The (P)GCC will see a real GDP growth of 2.8 percent in 2015, slowing from 4 percent in 2014 on account of flattish hydrocarbon production and softer non-hydrocarbon sector activity, a report said.

Real GDP growth in Saudi Arabia will be 2.5 percent, while UAE and Qatar will see real GDP growths of 2.9 percent and 4.8 percent, respectively, added the BofA Merrill Lynch (BofAML) Global Research titled “BofA Macro Monthly  –  Doveman”, TradeArabia reported.

“We would expect capital expenditures to bear the brunt of the adjustment, based on historical experience. We would expect (P)GCC governments to attempt to maintain current spending programs. This should slow down investment growth and support consumption on a relative basis, in our view,” the report said.

“Saudi Arabia’s real GDP outturn in the fourth quarter of 2014 at 2 percent highlights the dynamics we expect to prevail this year.

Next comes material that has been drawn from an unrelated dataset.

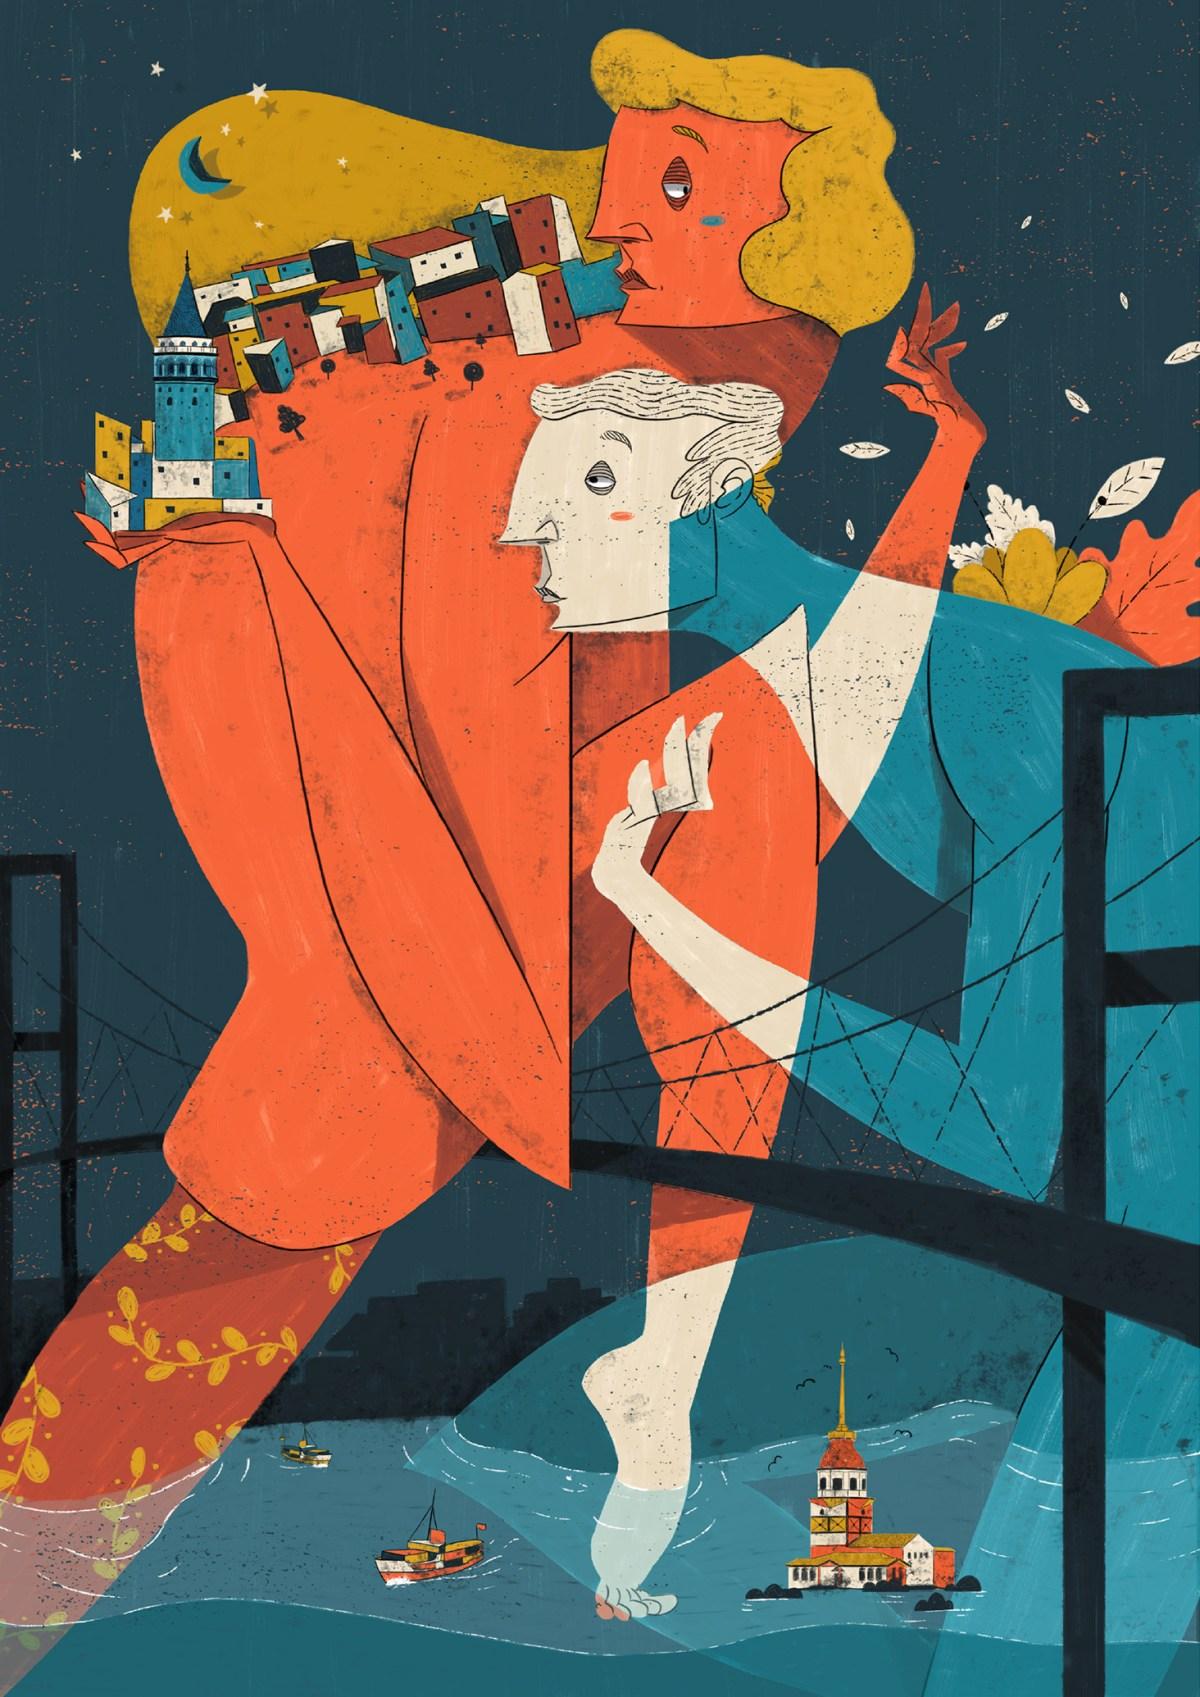 illustration-mete-kaplan-eker-07

“Details suggest the slowdown is due to flat oil sector growth and weaker non-oil sector growth due to a weaker impulse from the government non-oil sector. The 2015 Saudi budget likely assumed oil at $60-65 per barrel, suggesting increased fiscal room in current market conditions. Still, the S&P outlook revision suggests potential downgrade within two years if oil prices stay low,” the report highlighted.

“Tightening regional liquidity would make Dubai refinancing more challenging, but the imbalances are less pronounced than pre-2008, in our view,” said BofAML in the report.